In 2000, only 25 percent of about 80 medium- and large-size manufacturers in Los Angeles were still producing all of their product domestically, compared to 60 percent of those same manufacturers who produced locally in 1992, according to research conducted by Judi Kessler when she was a Ph.D candidate at the University of California at Santa Barbara.

Kessler, now an assistant professor of sociology at Monmouth College in Illinois, has examined the shift in production from Los Angeles to Mexico throughout the ’90s. According to her research, approximately 17 percent of medium- and large-size manufacturers were partially producing apparel in Mexico in 1992. This number increased to 48 percent in 1997 and to 56 percent in 2000.

In the past 10 years, Los Angeles manufacturers “have become more savvy in terms of developing strategies for choosing specific regions that can produce basic or complicated clothing at lower costs,” Kessler said, adding, “We also see a growing sector of service consultants who are very adept at developing international production networks.”

Kessler said currently there are few incentives for manufacturers to remain in the state.

“I would be curious to see how effective the strategies are in bringing that production back to Los Angeles,” she said.

And there are plenty of incentives for manufacturers to produce offshore—even beyond the cost savings of producing in a country that pays workers significantly lower wages than U.S. workers. In recent years, manufacturers have seen increases in minimum wage, premiums paid for workers’ comp insurance and property taxes.

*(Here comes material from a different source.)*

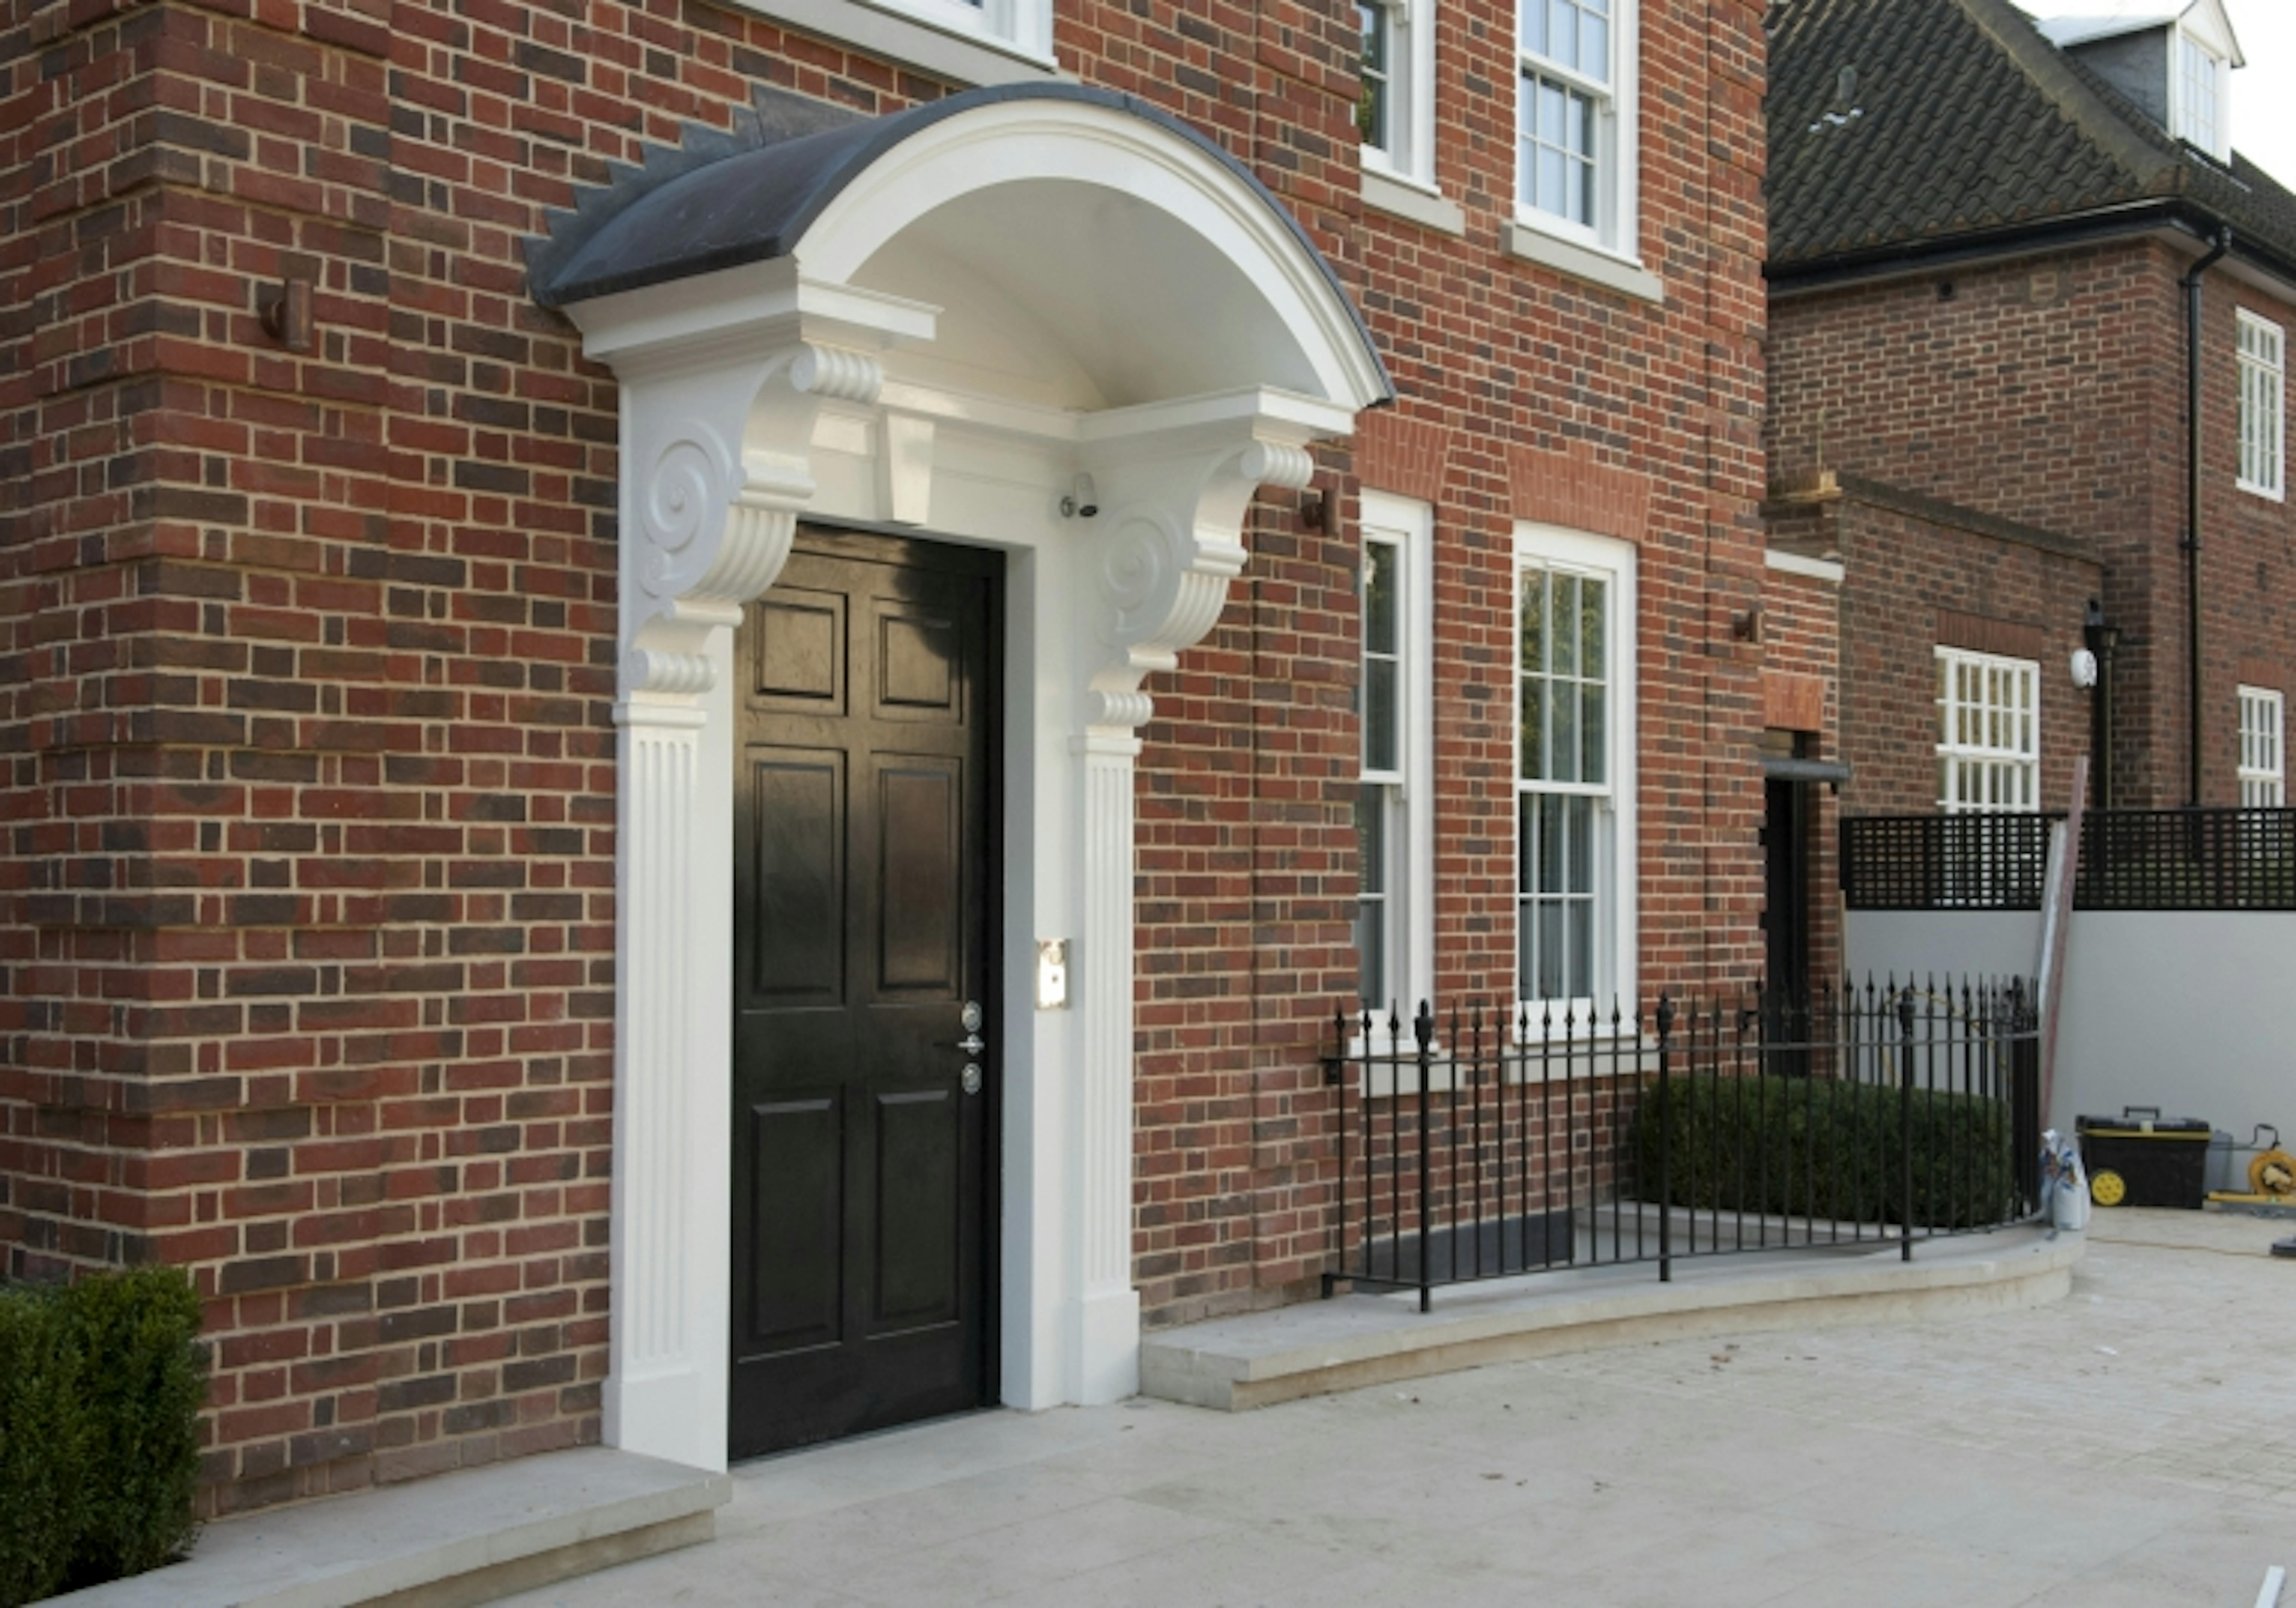 Red brick georgian style home featuring a classic 6 panel period style front door in a black painted finish by Deuren.

“Deciding whether to produce overseas or domestically requires balancing a lot of critical issues,” said Kyser. Indeed, recent developments have made business tougher for manufacturers producing off-shore.

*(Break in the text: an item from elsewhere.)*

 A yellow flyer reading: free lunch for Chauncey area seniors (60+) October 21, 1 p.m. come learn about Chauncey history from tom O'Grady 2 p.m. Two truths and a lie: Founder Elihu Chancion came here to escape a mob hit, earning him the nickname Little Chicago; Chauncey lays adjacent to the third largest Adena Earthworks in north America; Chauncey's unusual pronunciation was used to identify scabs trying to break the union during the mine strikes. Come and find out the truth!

Last year, companies scurried to reroute incoming goods following the news of work slowdowns, the threat of a strike—and eventual two-week shutdown—at West Coast ports. U.S. Customs also tightened up security—and increased the amount of required paperwork—for incoming shipments. The newly implemented security measures include strict regulations and shipping documentation will be subject to greater scrutiny. Plus, Kyser said shipping costs may increase in order to pay for the tighter security measures.

The LAEDC’s new campaign is not the only effort to assist domestic manufacturers. The California Chamber of Commerce has called for a general moratorium on new mandates that affect California employers, particularly those pertaining to proposals for new minimum-wage increases, according to Dave Kilby, vice president of the chamber.

“The efforts by the LAEDC and other groups to attract and retain businesses are absolutely essential to help with California’s economic recovery,” said Kilby. “The major thrust of our efforts today in the legislative arena are going to be geared toward fighting job-killer bills and supporting proposals that will improve the state’s business environment.”

The LAEDC said it would try to generate some media attention for the campaign, although Kyser declined to comment on the budget for that effort.

“We feel it is a very necessary step given the state’s business environment, so we’re going to try to do it in a cost-effective manner,” he said.